Thursday, 7 May 2015

Should I go to university?

Hi Friends :)

This is the first of one of these chatty/rambly posts... sorry if it's a long read but this time it's about university! 

Going to University is a hard decision. Many young people don't even believe that it IS a decision. I know that when it came to considering university for myself, it was a question of which university I was going to, not whether I was going at all. By no means am I suggesting that you shouldn't attend university, I think it's an extremely valuable experience. However, when I was at school, I was very much under the illusion that if I didn't go to university I would be in rags begging on the streets by the time I was 21, which simply is not the case (thank goodness). My classmates and I faced the challenge of choosing a university with furrowed foreheads and fear in our eyes. This decision was the most important one in the world. Granted, it WAS a very important decision at the age of 17.

University life is rich in social and cultural experiences. It can help you further your career prospects and will open lots of doors for you... do I sound like your teacher yet? But NOT going to university can also be an amazing experience and open lots of doors for you. Personally, as I was coming to the end of my A Levels I was extremely passionate about school. I don't care if that makes me lame or a nerd but I LOVED school. I loved learning and exploring, discovering more and more about Art, Photography, Dance and Psychology (my A Level subjects). I was unsure what I specifically wanted to study, but I knew I loved studying. I was advised by a teacher of mine to take a gap year, relax, travel, work and then maybe I'll be more settled about what I want to do. She knew I was interested in art and suggested that I worked in the school art department for a term during my gap year to allow me to see what it's like WORKING in that industry, rather than simply studying in it. Oh my jeeze, I LOVED it. I then went to China to work with children and began to recognise that it was teaching that I was really passionate about. I was then offered a job as an art technician and carer (for the best kid in the world) and VOILA - that is where I am today! 

Taking a gap year was one of the best experiences - I REALLY recommend it, even if you AREN'T unsure about university. There will never be a more convenient time in your life to travel, fail at something and try something new. My gap year was AMAZING. Although there's the slight hiccup to this story...what about a degree Lucy? You need a degree Lucy. I was introduced to the Open University. It's an online University which you receive a gazillion textbooks in the post for and have to have excessive amounts of discipline and motivation to teach yourself a university course. There are online tutors, forums, guidance, basically just a LOT of help to get you there. I am assessed twice a month (roughly) by 2,000 word essays, which is an overwhelming amount of work. Two essays a month may seem reasonable to you, but bang an 8.30 - 4.30 job on top of that and life starts to get quite hard. Then cater for a social life, cooking, cleaning, paying bills and life gets crazy. But I love my degree - I'd really recommend the Open University courses. 

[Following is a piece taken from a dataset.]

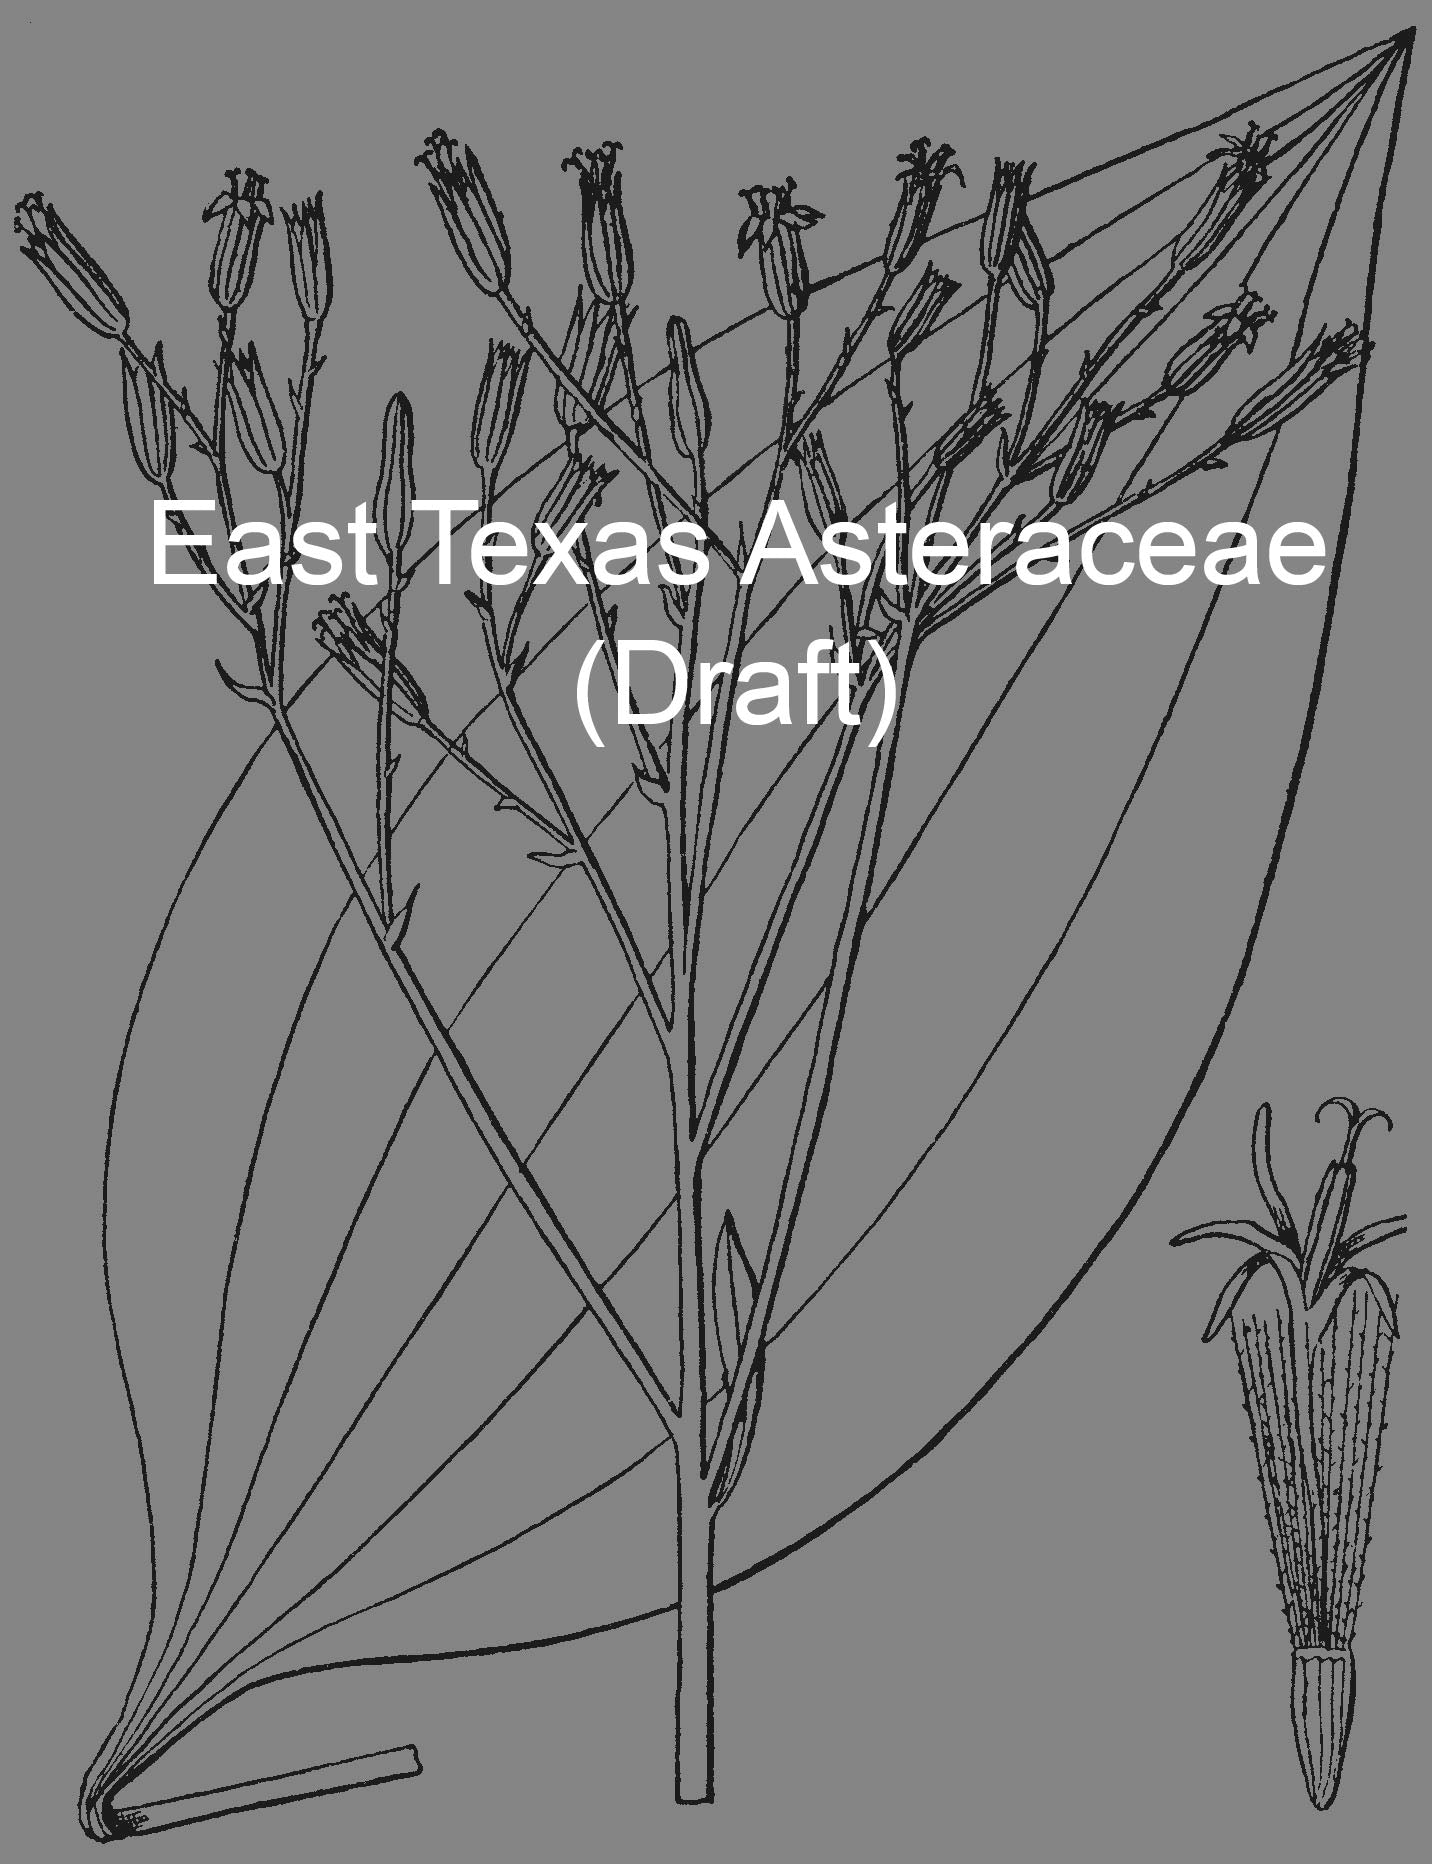 Asteraceae of East Texas (draft)

SO that was a long ramble, but I think it's really important for people to know that The Open University exists, online education is a THING and it's great! I haven't exactly picked the conventional route, but I've found a way around it and I'm enjoying a different kind of university. This way I get to have the job I ADORE (I'm pretty sure I have the best job ever) and get to study a subject I love! 

Either way, try not to ease the pressure of the university application process, pick a place you love and NEVER decide to go because 'everyone else was' - thats a lot of money to waste on something you're not sincerely PASSIONATE about.